Role of the learning objective

The authors argue that conventional TD-based value regression introduces noise and bias that hinder scalability. Their method shifts emphasis toward a contrastive, InfoNCE-style objective, reframing learning as a discrimination problem rather than pure regression.

Under this formulation, representations of states from the same trajectory are encouraged to align, while representations from unrelated trajectories are separated. This induces training dynamics that more closely resemble those of large-scale self-supervised models in vision and language.

Training stability and failed early attempts

An important empirical detail is that depth alone was insufficient. Early experiments with deeper networks frequently failed, and residual connections by themselves did not guarantee stable training.

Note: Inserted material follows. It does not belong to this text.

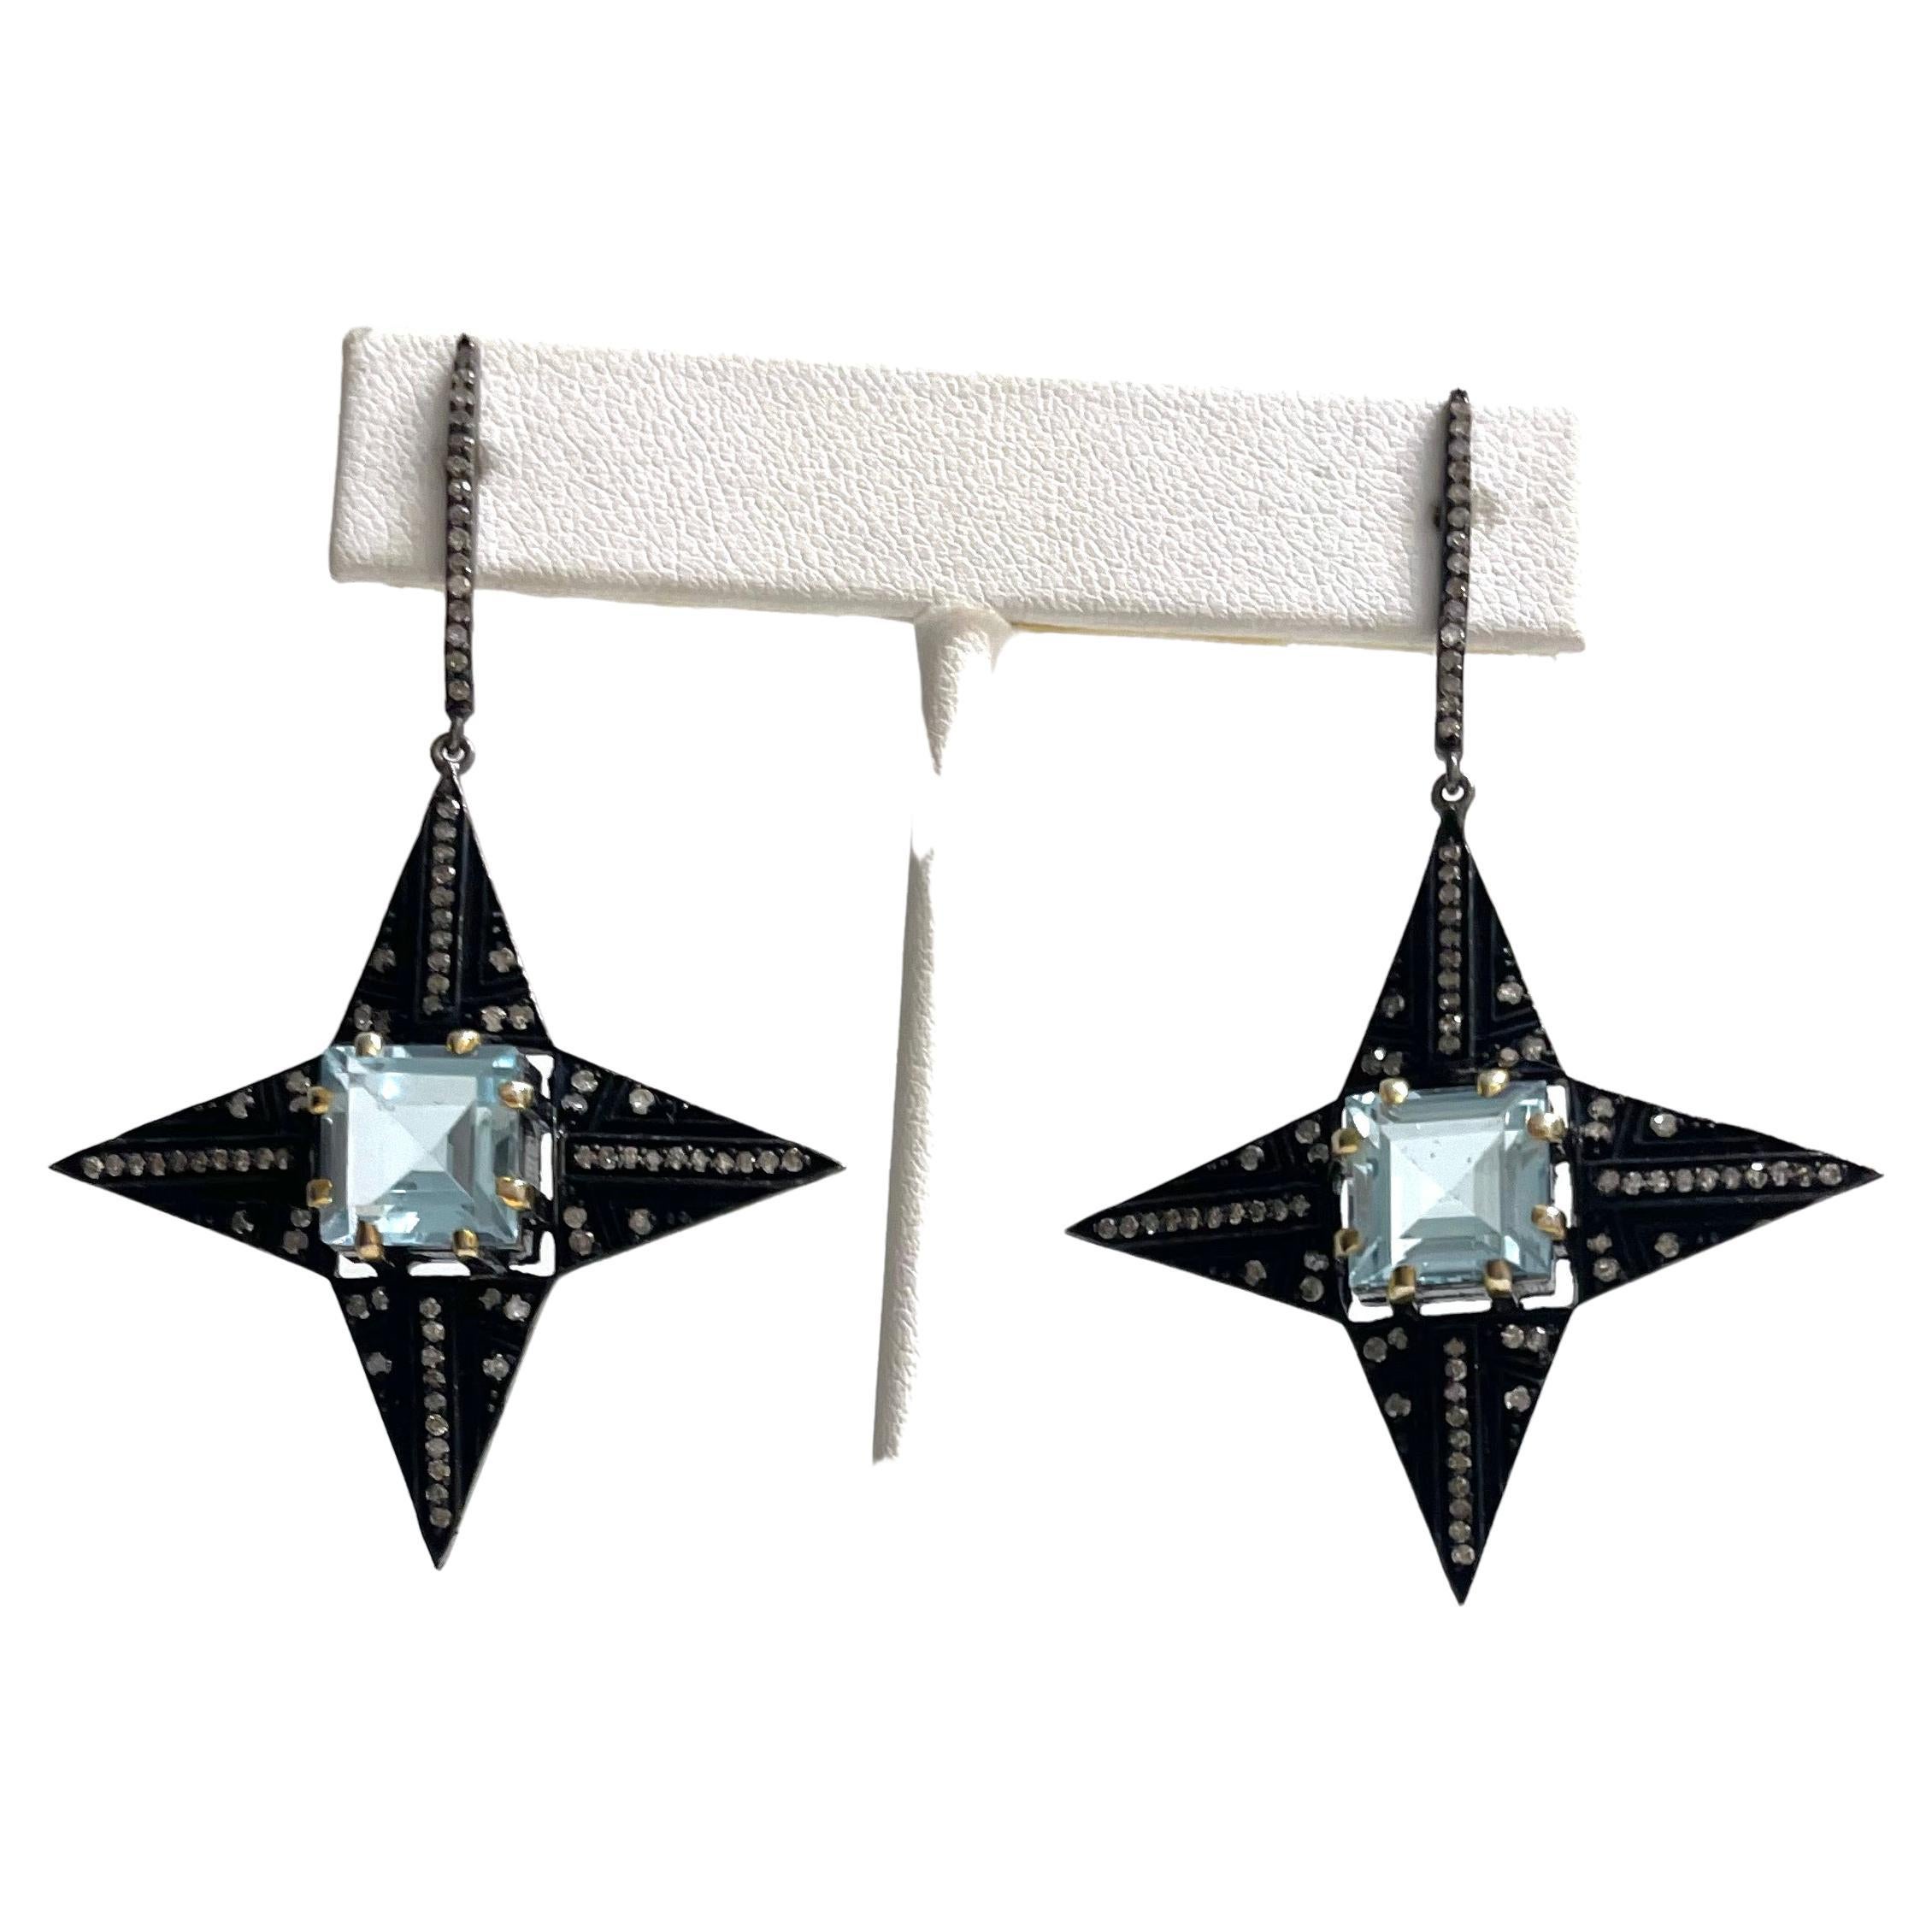 Description
These unique and stylish earrings feature a striking Blue Topaz surrounded by pave diamonds set in a bold black four-pointed star creating a dramatic, galaxy starry night eye catching effect.
Item # E3308

Materials and Weight
Blue

Successful scaling required a precise combination of architectural choices, including normalization strategies and activation functions, together with the contrastive objective. Performance improvements often manifested abruptly once these components aligned.

Depth versus width scaling

The paper also highlights practical trade-offs between depth and width. Increasing width typically results in rapid growth in parameter count, whereas depth can scale parameters more gradually depending on the architecture.

Width scaling can be effective but is parameter-intensive.
Depth scaling was often more parameter-efficient at similar performance levels.
In several settings, deeper models exhibited improved sample efficiency.

Interaction with batch size

The interview notes that batch size scaling, which is often ineffective in traditional RL, became beneficial once sufficiently deep models were trainable. The authors suggest that increased model capacity may be a prerequisite for exploiting larger batches.

Empirical results indicate that depth scaling can enable other scaling dimensions, rather than acting independently.

Importance of data scale

Data availability is identified as a critical factor. The experiments rely on GPU-accelerated environments capable of generating large volumes of experience in parallel, reducing the relative cost of data collection.

The authors report that significant gains typically emerge only after training surpasses tens of millions of transitions, with approximately 15 million transitions cited as a practical lower bound.

Compute considerations

Despite the scale of the models, the authors emphasize that many experiments are feasible on a single high-memory GPU, specifically an 80GB H100. While deeper networks increase per-step computation, environment interaction often dominates total runtime in RL workloads.

Per-step computation increases with depth, but data collection may remain the bottleneck.
Many environments reach near-saturation performance at moderate depths.
The limits of depth scaling under large distributed setups remain an open question.

Implications for robotics

Several evaluated environments resemble goal-conditioned robotic control tasks. The authors argue that scalable, self-supervised RL could reduce dependence on dense rewards or large demonstration datasets in robotics.

This suggests a potential alternative pathway: scaling interaction data and stable objectives rather than manual supervision.

Future research directions

Training deep teacher models followed by distillation or pruning for deployment.
Joint scaling of depth, width, and batch size with sufficient compute.
Further theoretical analysis of why contrastive objectives scale more reliably than TD regression.
Evaluation on real robotic platforms and more challenging sim-to-real tasks.
Investigation of compositional generalization as a complementary mechanism.

Summary

Overall, the work demonstrates that reinforcement learning can enter a favorable scaling regime by adopting self-supervised learning principles. While the extreme depth figures are notable, the primary contribution lies in identifying a combination of objective, architecture, and data scale that enables consistent performance improvements.